60g All Purpose Flour

65g Tangzhong

25g Egg

90g Milk

3g Instant Yeast

30g Sugar

3g Salt

25g Unsalted Butter(Softened to Room Temperature)

Mix water and bread flour for Tangzhong in a small sauce pan and cook with medium heat. Stir constantly until it becomes thick paste like, turn the heat off, let cool.

Add everything for flour main dough except butter to the stand mixer and mix at speed 4 for about 7-8 minutes.

Add butter to the mixer and continue to mix at the same speed for 20 minutes.

Take the dough out and fold it into a ball then leave it inside the mixing bowl. Use a piece of plastic wrap the cover the bowl and leave it for one hour or until twice in size.

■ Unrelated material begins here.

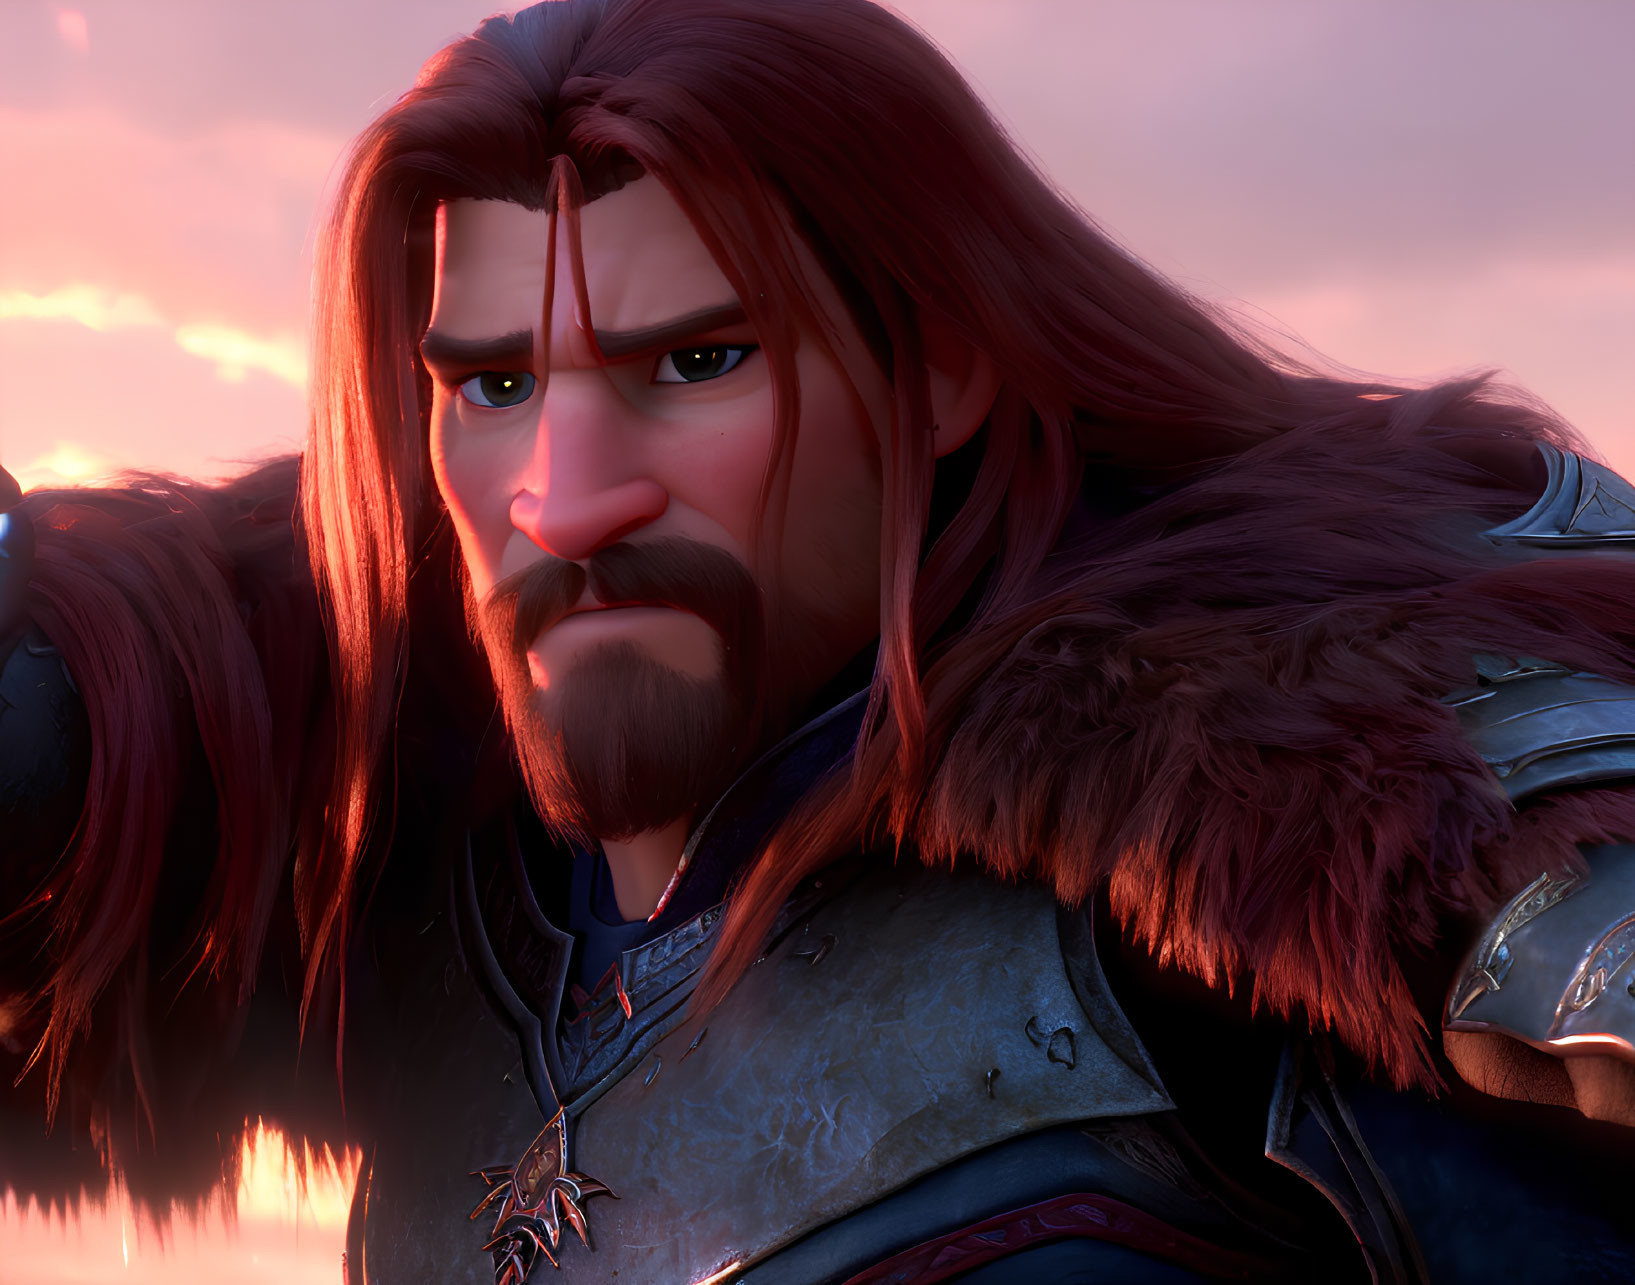 Male Character with Long Red Hair and Armor in 3D Animation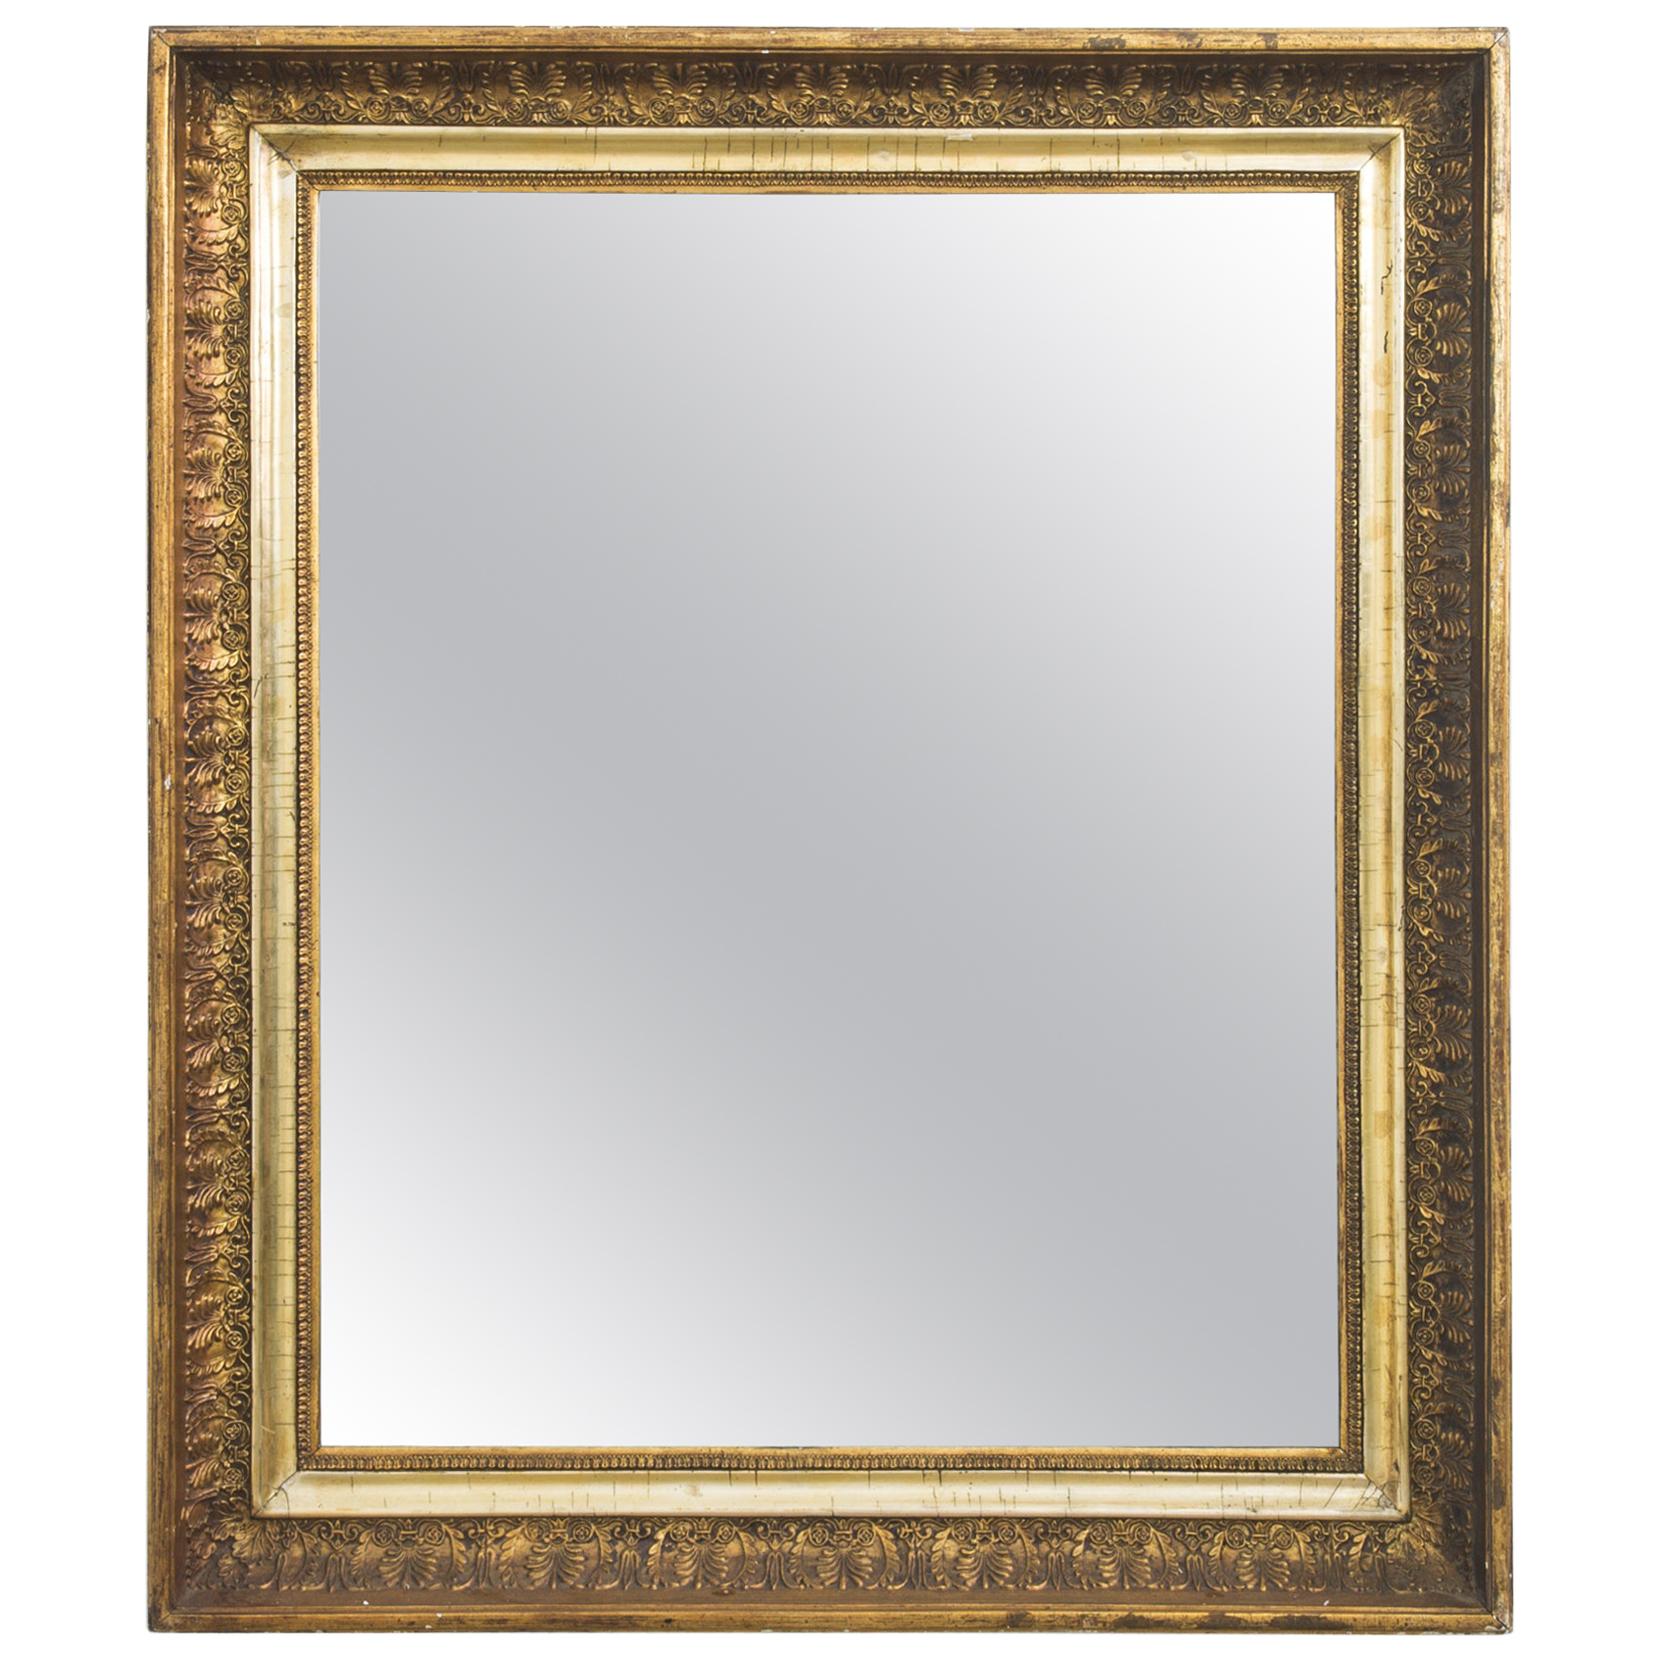 1870s French Gilded Square Mirror

Take the dough out and knead for a few times to let the air out, cut the dough evenly to 6-8 pieces.

Wrap some roast pork inside and seal it, then use your hands to roll it to a round ball shape.

Turn the oven light on and leave all the finished products inside the oven for another hour.

Brush a little bit of egg wash on the buns, add a little bit of sesame seeds.

Bake the buns inside the preheated oven(355F) for about 23 minutes.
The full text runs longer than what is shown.